> **EXERCISE DIRECTIONS**: What you should give back is a precise copy of the lines below from the one containing "旅館、「安芸の御宿みやじま庵廣島」のロゴ" through the one containing "Mebadass Cotton Mens", with no pictures.

> **TASK MATERIAL**:

[Start of section]

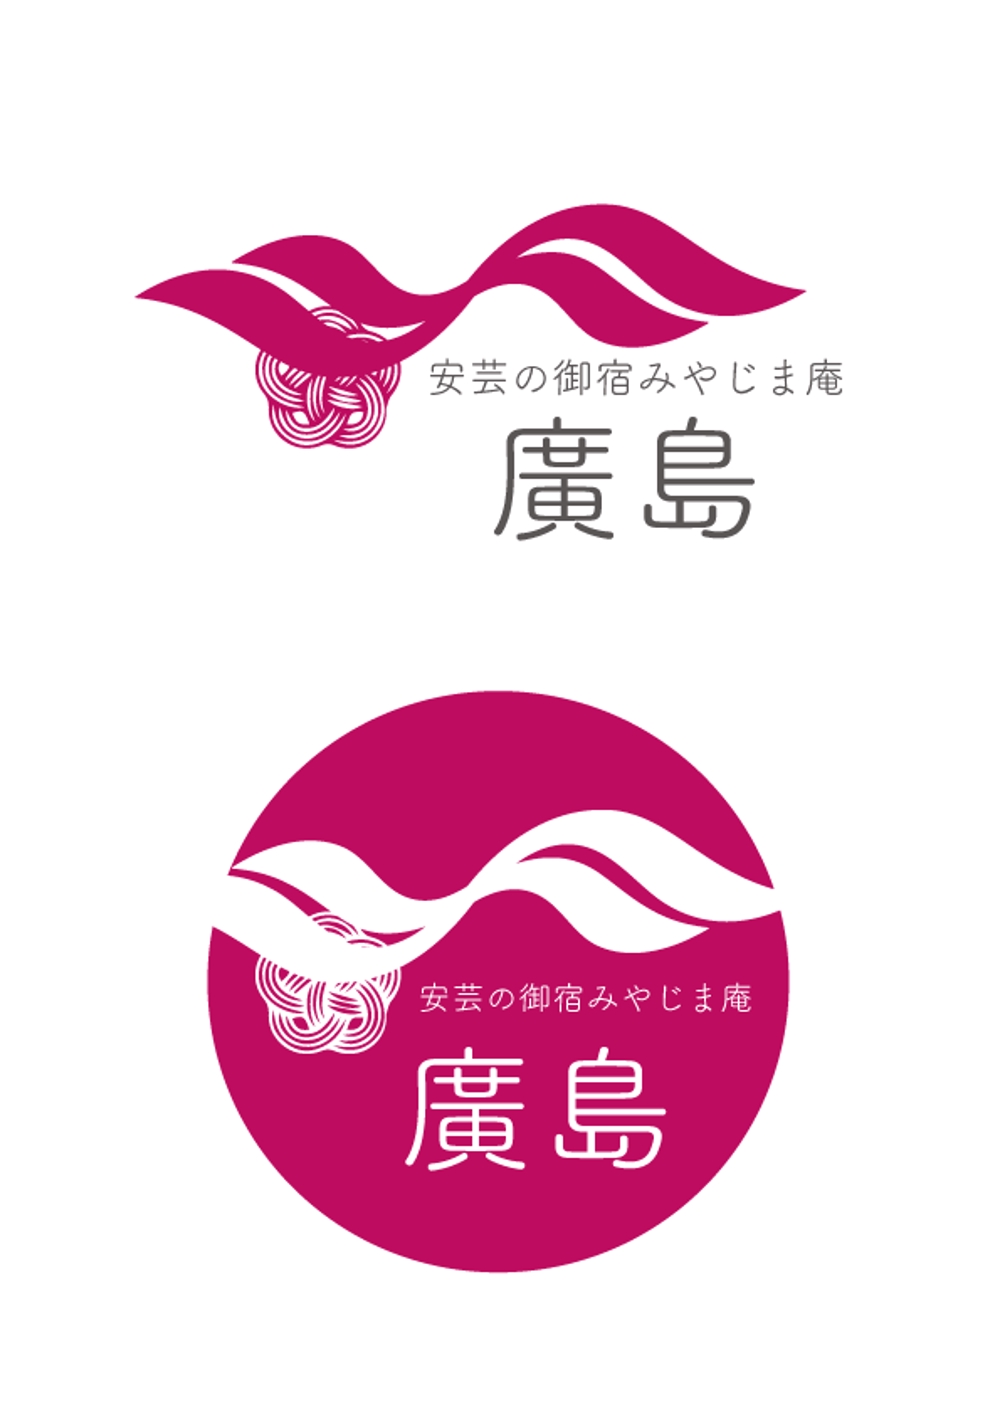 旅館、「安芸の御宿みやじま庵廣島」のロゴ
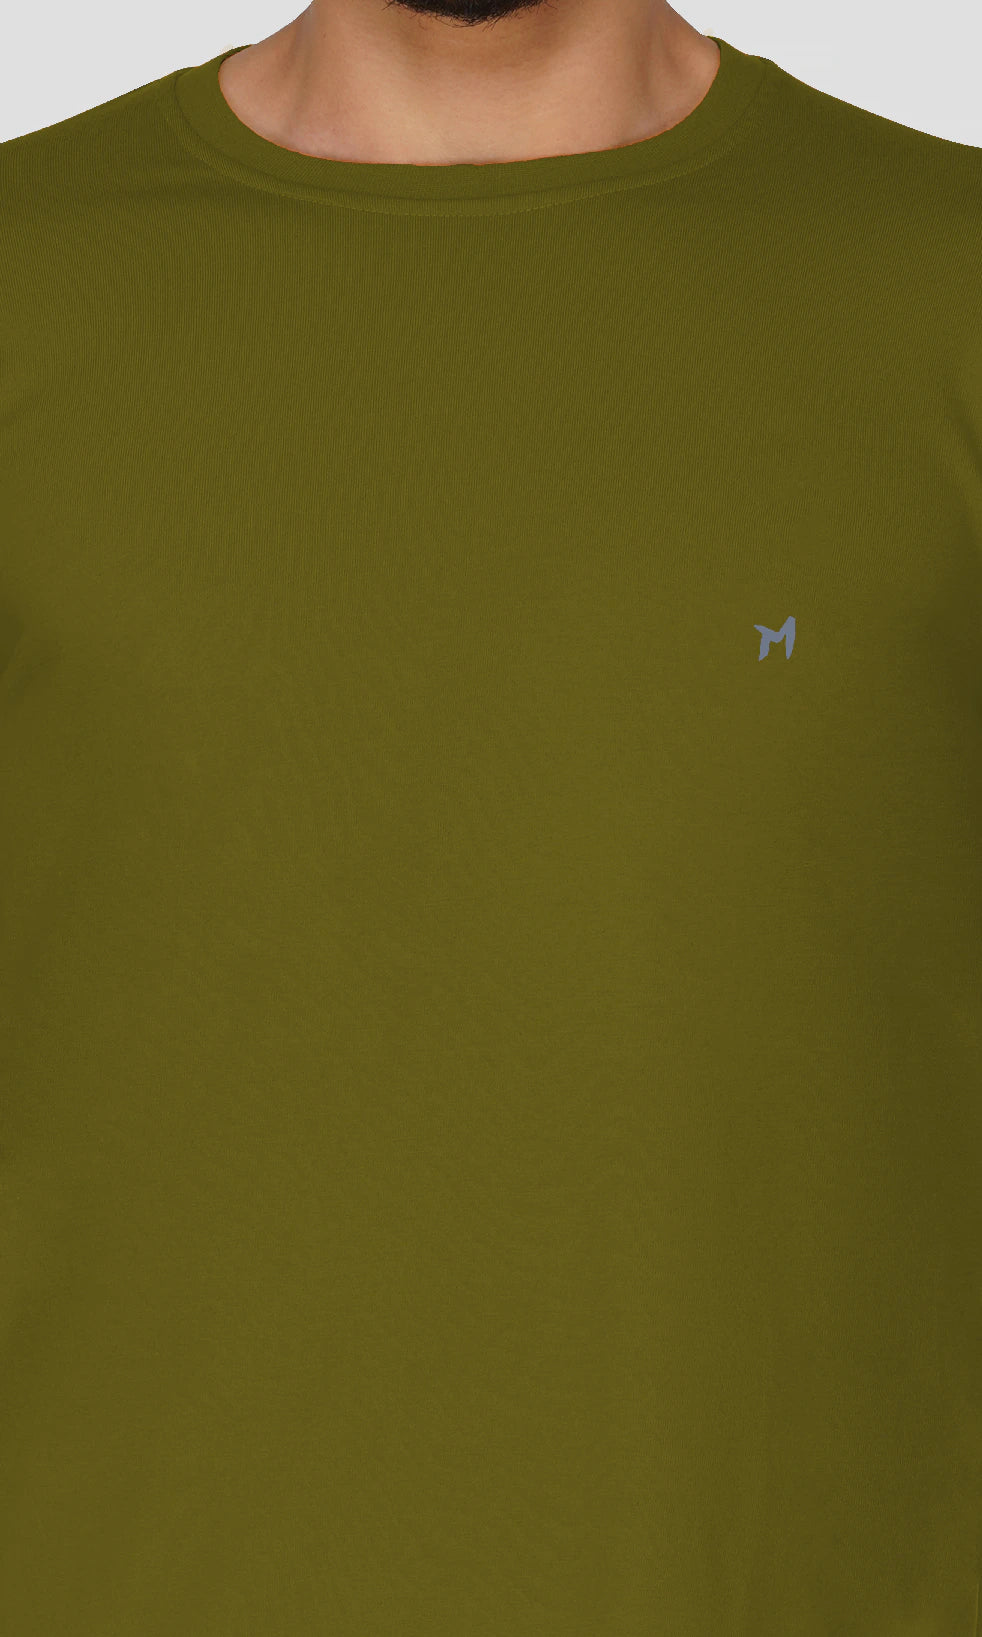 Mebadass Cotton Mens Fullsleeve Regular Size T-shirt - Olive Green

[End of section]
[Start of section]

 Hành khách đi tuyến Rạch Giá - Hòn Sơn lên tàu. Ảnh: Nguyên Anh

[End of section]

> **YOUR SOLUTION**:
 旅館、「安芸の御宿みやじま庵廣島」のロゴ
 Mebadass Cotton Mens Fullsleeve Regular Size T-shirt - Olive Green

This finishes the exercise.